Publications /
Policy Paper

Back
MOZAMBIQUE Security, Political and Geopolitical Challenges of the Gas Boom
Authors
Benjamin Augé
November 17, 2021

The vast gas discoveries in Mozambique, some 160 trillion cubic feet (4,530 billion cubic meters), will make this very poor country (6 th lowest gross national income (GNI) per capita – the lowest in Africa) one of the world’s future major producers of liquefied natural gas (LNG) within two decades.

Theoretically, Western and Asian majors are ready to invest more than a hundred billion dollars ($bn) over the next two decades to develop this gas potential that could amount to a volume of 60 million tonnes (mt) per year.

However, security threats related to the deadly activities of the Islamist group, Al Shebab, in the area of where the gas projects are being developed are of increasing concern for the majors, who are struggling to influence the Mozambican government’s up to now failing security strategy. The regular army’s lack of results encourages the everincreasing use of mercenaries that is likely to further destabilize a volatile region, prone to arms and drug-trafficking, close to the Tanzanian border. The terrorist group’s modus operandi and the government’s response reflect Boko Haram’s rise in Nigeria from 2010.

Future gas rents from Mozambique’s gas production are already significantly strengthening the position of the ruling party, Frelimo, and making it more impervious to criticism from traditional donors and foreign powers. Its management of the last elections and of the hidden debt scandal show how the Mozambican government sees itself as practically untouchable. It is highly likely that the advent of the gas windfall will increase Frelimo’s hold over the country’s administration and weaken the counterbalances. Frelimo is inclined to harden its position as it feels protected by its gas resources.
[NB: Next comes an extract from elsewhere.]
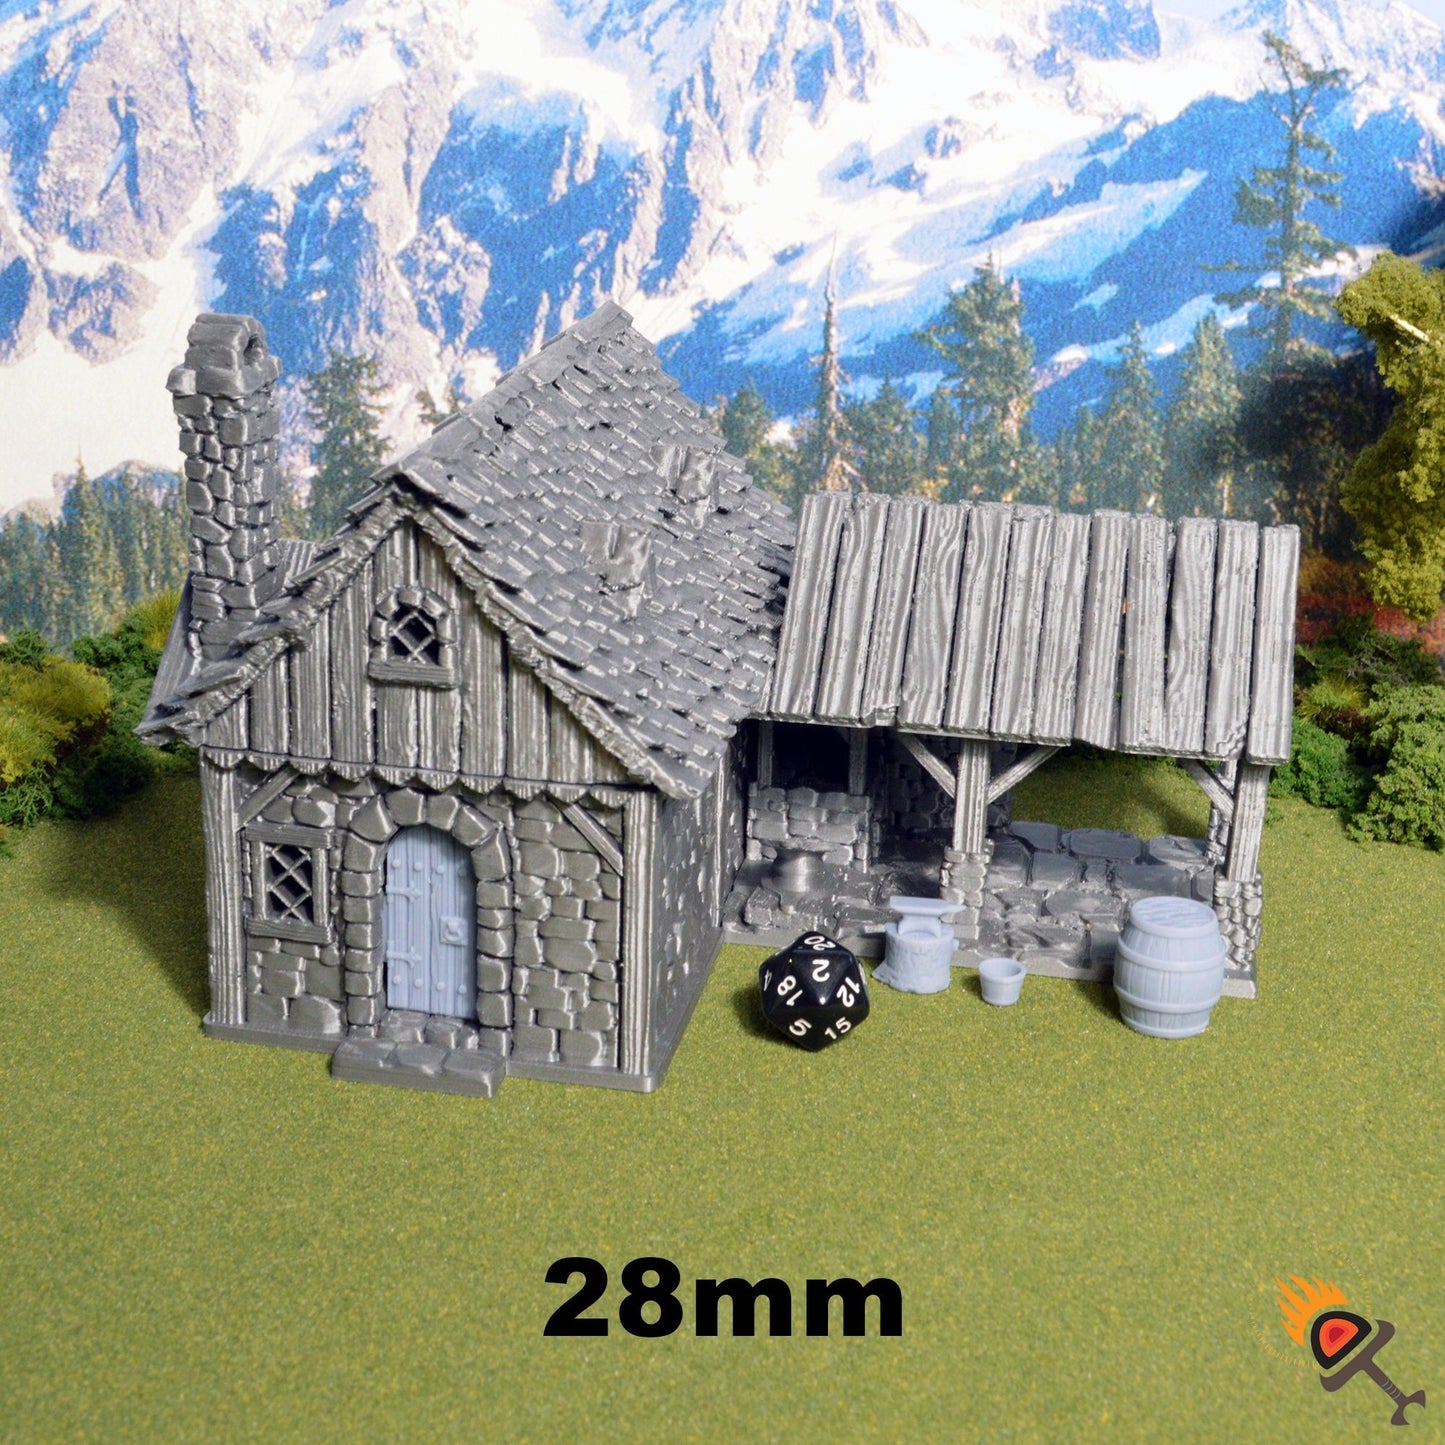 Blacksmith 28mm for D&D Terrain, DnD Pathfinder Diorama Village Workshop Anvil

ExxonMobil’s doubts about investing, the worsening security situation and the hydrocarbon crisis do not seem to challenge Frelimo’s dominance for the time being. Finally, there is a slight chance that the party will change its practices and adopt more transparent governance, accepting more influence from traditional donors – the African Development Bank, World Bank and European Union (EU). While the donors’ impact was very relative to decision-making processes when Mozambique had not discovered gas, it is unlikely with such projects 

announced by the majors that Frelimo will open the door further to any outside scrutiny.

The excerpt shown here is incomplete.